Thursday, October 12, 2006

The latest

I struggle on a daily basis to contain my emotions with respect to mymomzilla. Hell I am in therapy ever second week as a result and everything I think that I have made strides toward mental health, and I have made many, I am reminded that it's not always up to me. Three examples over the last little while drive this point home with a bit of a wallop.

  1. Some while ago, shortly after returning from or while we were on our road trip, mymomzilla took a drive to the cottage with her brother. While there, as she later explained to me, she wanted to move some patio furniture off of the patio and closer to the cottage. While she debated how to do this my cousin came round the corner and after exchanging niceties offered to help move the furniture for her. She was grateful and thanked him very much. End of story right? No! Several weeks later I was speaking to my cousin who tells me that as he rounded the corner of the front of the cottage he could hear her cussing a blue streak under her breath. He announced his presence with a loud and friendly "Hello there" only to have a tirade of nasty stuff about me and how I don't take care of the place and how could I leave that stuff where it was (oddly enough it was where it is always left), etc, unleashed upon him. No hello, no how are you. Just a verbal tirade about how I could do such a thing and how bad this was of me. He then offered to move the stuff for her and she told him where it should go. Despite my best efforts this really makes my blood boil. How dare she do that to me and to the one cousin I am actually close with. Fortunately he knows who she is and does not pay head to what she says but damn it pisses me off.

  2. Wanting to take the high road and all we invited her and my uncle over for a holiday event a couple of weeks ago. She was well behaved and all was more or less acceptable. While they were here I was talking to my uncle about the fact that our foundation was in very bad shape and that we were in the process of figuring out what to do about it. When they were leaving I showed them both the cracking that causing the concern. Of course she had to adopt the crack as her own and make a big fuss about it and how awful it was and what were we to do especially because she doesn't have the money to help us. Um, last I checked nobody asked her for money. In any event a couple of days later she is still going on bout this crack and our situation and she tells me that she could always sell the cottage and give me my portion of the money to go towards the house repairs. I told her that she could do what she wanted with the cottage but she should not do this on my account as I did not want that money. When challenged on that I told her that I would rather have the cottage than the money and that she needn't sell it on my account. She of course took that to mean that I said that I don't want her money! What ever! Any excuse to sell will do for her and she goes on to tell me that she may have to sell it anyway.

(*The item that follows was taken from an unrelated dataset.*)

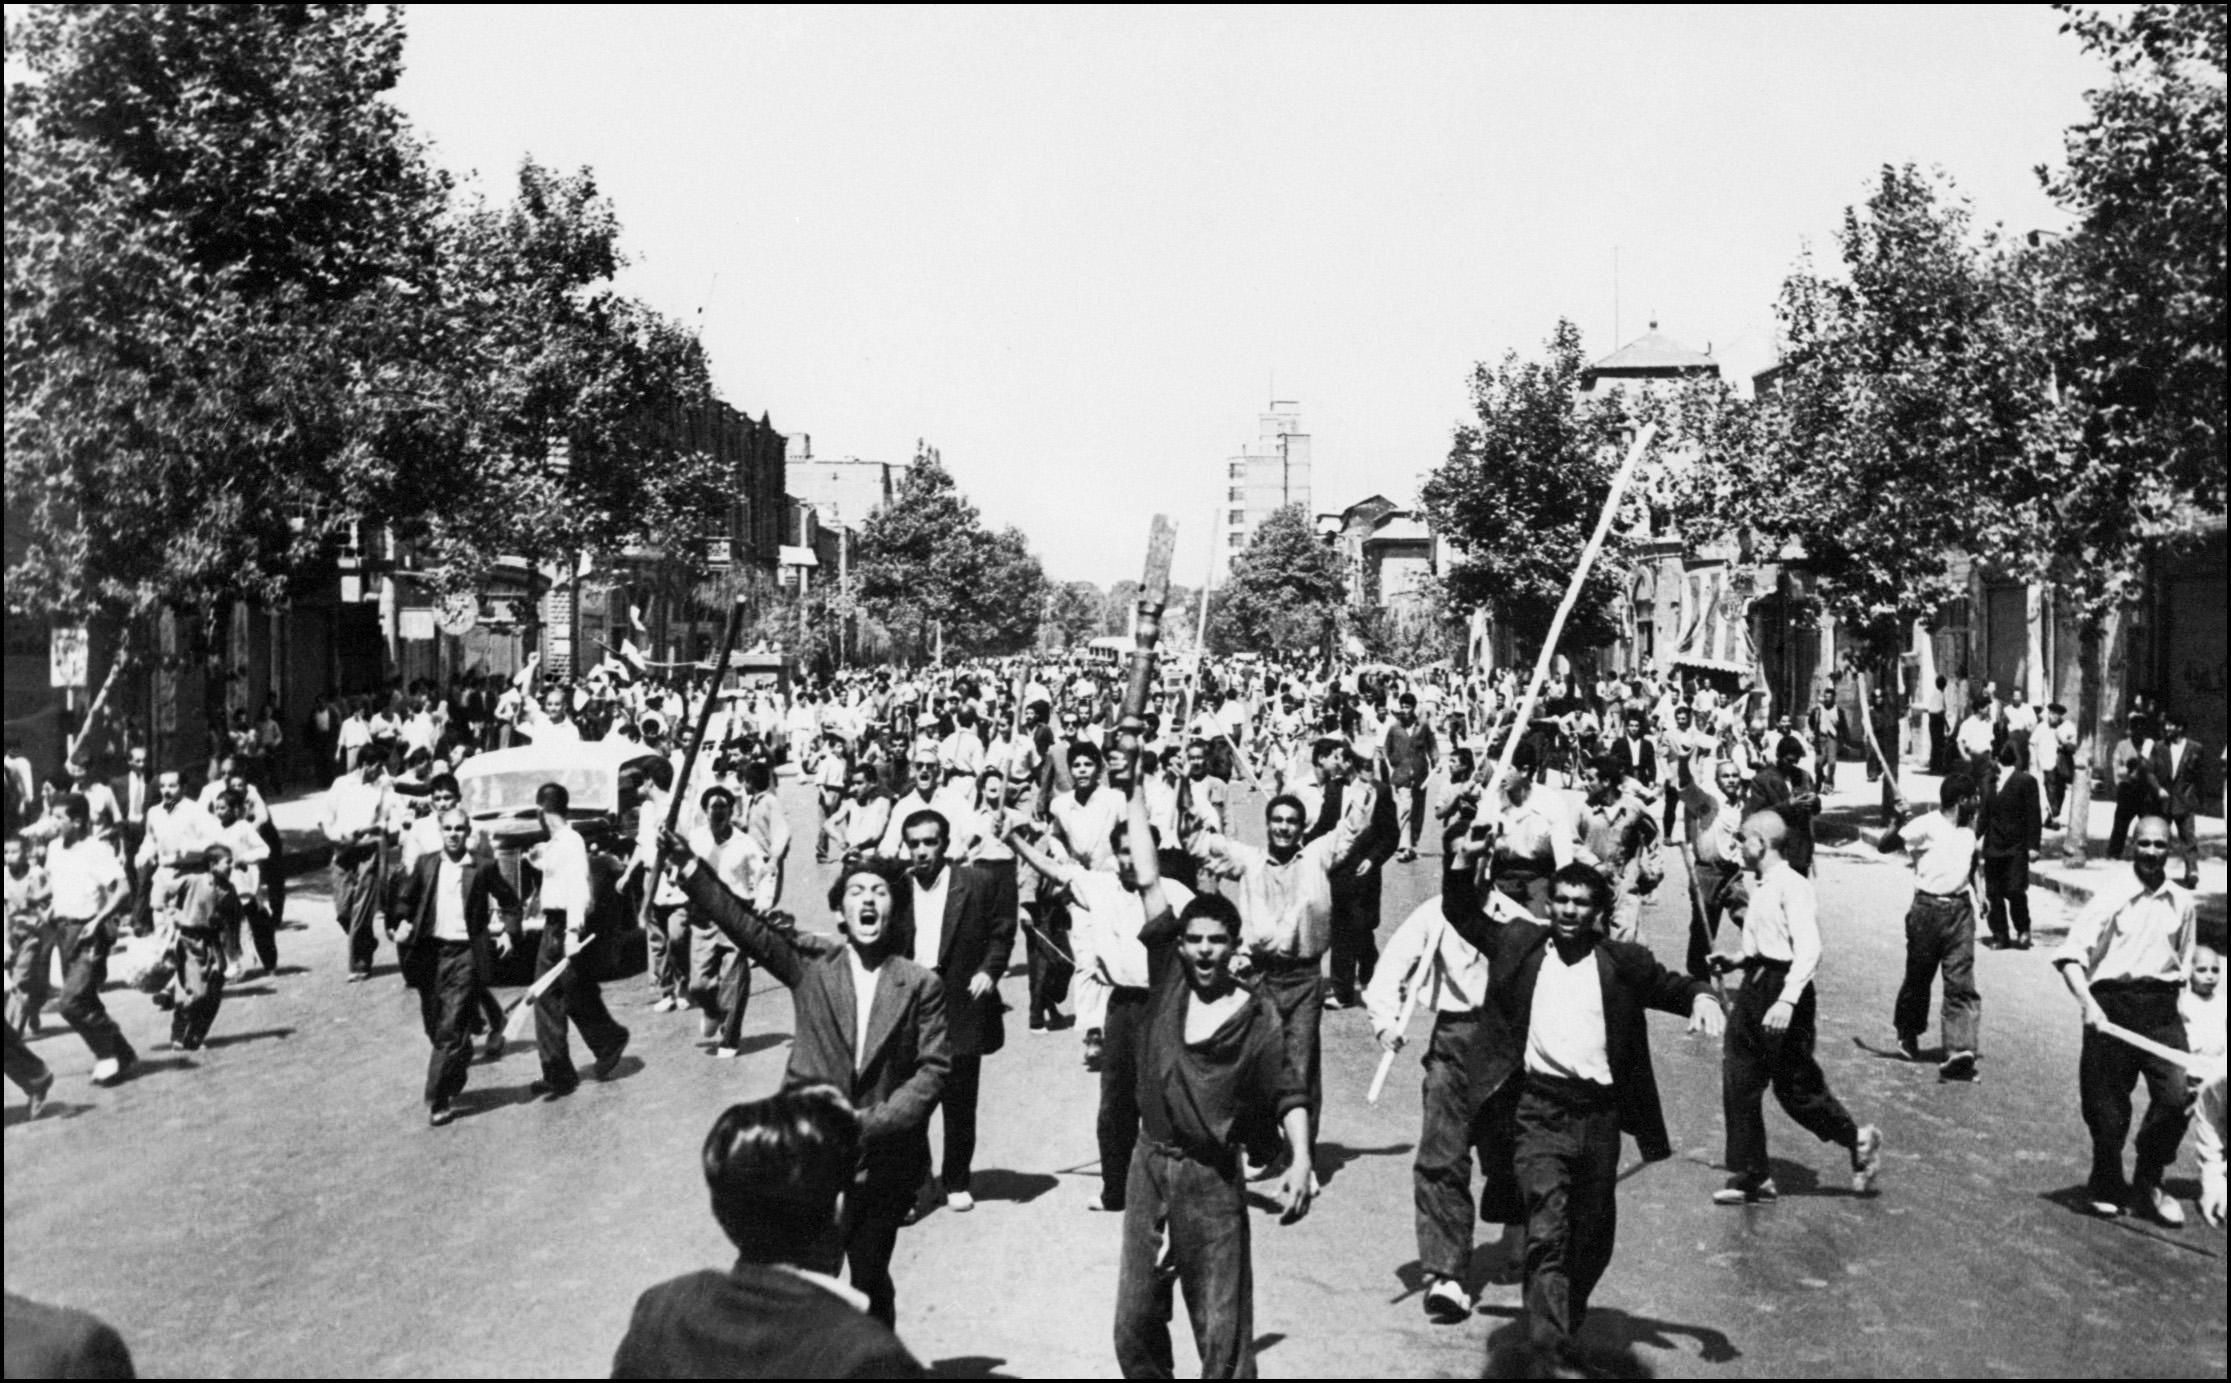 On August 19, 1953, democratically-elected Iranian Prime Minister Mohammad Mossadegh was overthrown in a coup orchestrated by the CIA and British intelligence, after having nationalized the oil industry. The Shah Mohammad Reza Pahlavi was re-installed in the primary position of power. Massive protests broke out across the nation, leaving almost 300 dead in firefights in the streets of Tehran. (Photo by - / INTERCONTINENTALE / AFP) (Photo: /AFP/Getty Images)

When asked why she replies that it's because it's not being used and just sitting there looking like an eyesore and besides she may need the money as there are things around her condo that she wants to do like redoing her kitchen which she claims not to use so much anymore anyways. Go figure. She tells my brother that she would rather sell it and see strangers in there than hand it over to us because she has decided we can't afford it. This one picks all of our asses as she doesn't have a hot fucking clue what we can and can not afford. Just another excuse for her to do whatever the fuck she wants.

  3. Last Saturday morning she phones me very early in a complete panic. She is obviously shaken and upset and is telling me that she has an emergency and that she needs my help and will hire me to help her. Hire me! I ignore that one and with genuine concern ask what it wrong. She proceeds to tell me how her VCR stopped working and how I know how much she relies on her VCR. For god sake this is the emergency that she is phoning me first thing in the morning about!? I try to calm her done and discuss what is going on with her cherished VCR. Turns out she messed it up by using a head cleaner. I told all I would do is take it in and get it properly cleaned by a professional. She agrees and ends the call barking a terse "thank you send me a bill" at me. I tell her I'm not billing her and she replies with "Suit your self" or something like that and hangs up. A few minutes later she phones back simpering and whining about all these cords and which ones does she take off and why is her TV no longer working etc. Despite my not at all wanting to I offered to come and do it for her which was not even acknowledged. Instead she just went on and on about how she was going to do this etc. I explain to her which cord/cable is which and what to do to get the TV back etc. She yells at me that she has to move the TV and hangs up on me. This is the last I've spoken with her.

It is very difficult not to let this shit effect me. The VCR episode made me laugh to a certain degree but at the same time does not sit at all well with me. I have never nor will I ever bill her for doing something for her. In fact the reason I don't do more for her is because A) it will never be enough for her and B) she makes it almost impossible to even want to do stuff for her with crap like this. She truly is turning into my grandfather. He paid one of her brothers to help him with is shit as he got older and less capable. I'll be damned if I'm going to go down that road. The uncle who was being paid by my grandfather was the one with the biggest smile on his face when we put the old coot in the ground. She doesn't realize how she is creating the same situation with us. And if she does she is proud of it. Dumb bitch!